1. Field of the Invention
The present invention generally relates to an optoelectronic sensor for detecting moisture on a window and, more particularly, to such an optoelectronic sensor having a prism structure which couples radiation from a transmitter into the window and decouples reflected radiation out of the window towards a receiver in which the prism structure includes individual prisms having prism surfaces in coupling areas arranged perpendicular to the input radiation angle of incidence and prism surfaces in decoupling areas arranged perpendicular to the output radiation angle of incidence.
2. Background Art
DE 197 20 874 C2 describes an optoelectronic sensor based on the disturbed total reflection of light principle. A first optical system (i.e., a first lens) parallelizes light from a transmitter and directs the light towards a coupler at a 45° input angle. The coupler couples the light into the internal side of the window at the 45° input angle. If the window is dry and clean, then light reaching the external side of the window is totally reflected back towards the coupler at a 45° output angle. The coupler decouples the reflected light (i.e., the useful light) towards a second optical system (i.e., a second lens) at the 45° output angle. The second lens directs the reflected light towards a receiver. Wetting of the window decouples the light from this optical path such that total reflection no longer takes place.

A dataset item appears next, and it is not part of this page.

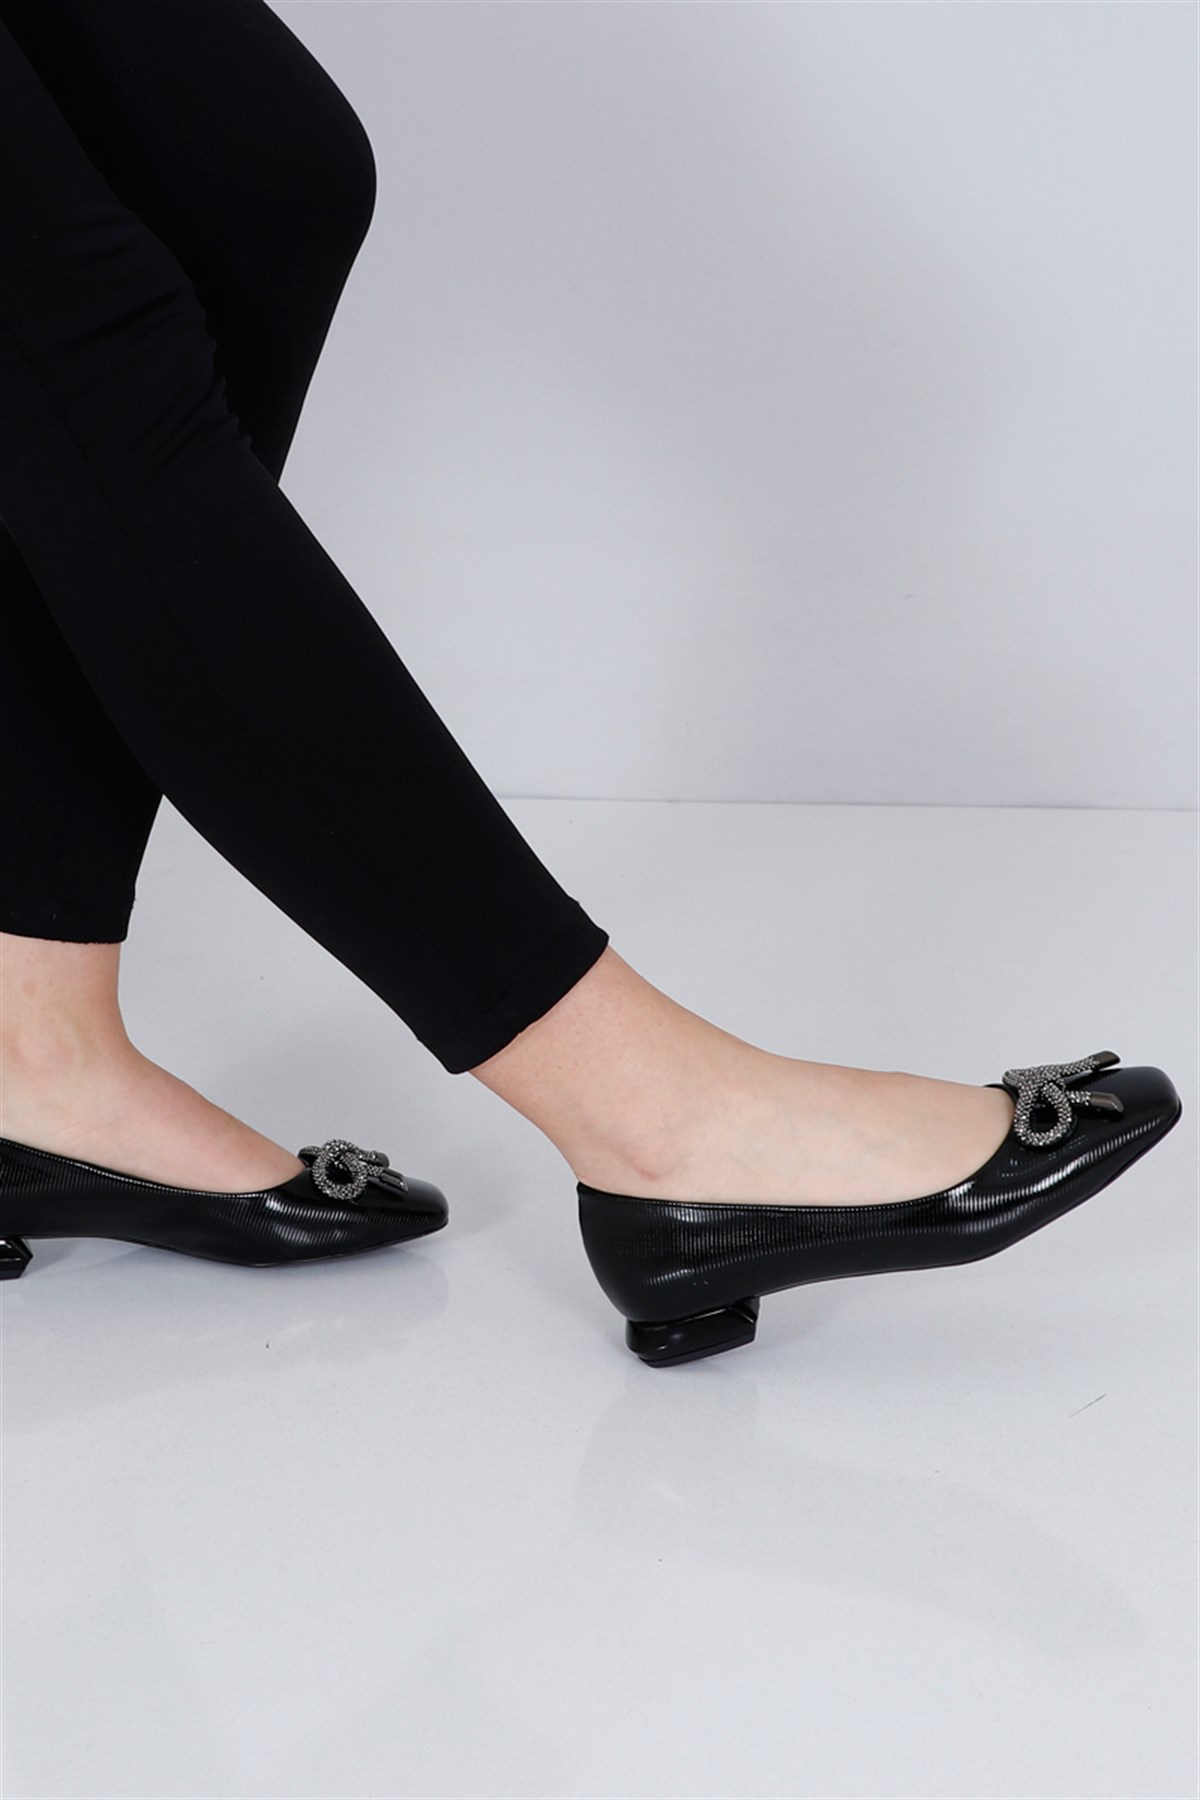 Siyah çizgili Topuklu Kadın Babet 3003 Fiyatı ve Modelleri

The coupler is a prism structure having a plurality of individual prisms. The prisms have prism surfaces in coupling areas arranged perpendicular to the 45° input angle and prism surfaces in decoupling areas arranged perpendicular to the 45° output angle. Each prism includes a side flank in addition to a prism surface. The flanks of the prisms extend perpendicular to the prism surfaces. As such, the prism flanks in the coupling areas are parallel with light transmitted into the window at the 45° input angle and the prism flanks in the decoupling areas are parallel with the useful light reflected from the window at the 45° output angle.
A problem is extraneous light influences cannot be completely excluded. Extraneous light reduces the sensitivity of such a sensor and may cause the sensor to trigger incorrectly. As such, a reduction in extraneous light results in a functional improvement of such a sensor.
Theoretical and experimental considerations identify an optical path on which extraneous light from the external environment can impinge on the receiver through the coupler and the second lens. Extraneous light incident at certain angles near the angle perpendicular to the window can impinge on the prism flanks and emerge glancing off these flanks. The second lens, which focuses the useful light reflected off the window towards the receiver, has an angular acceptance that is not insignificant; and the receiver includes an extensive surface. As a result, this extraneous light can reach the receiver.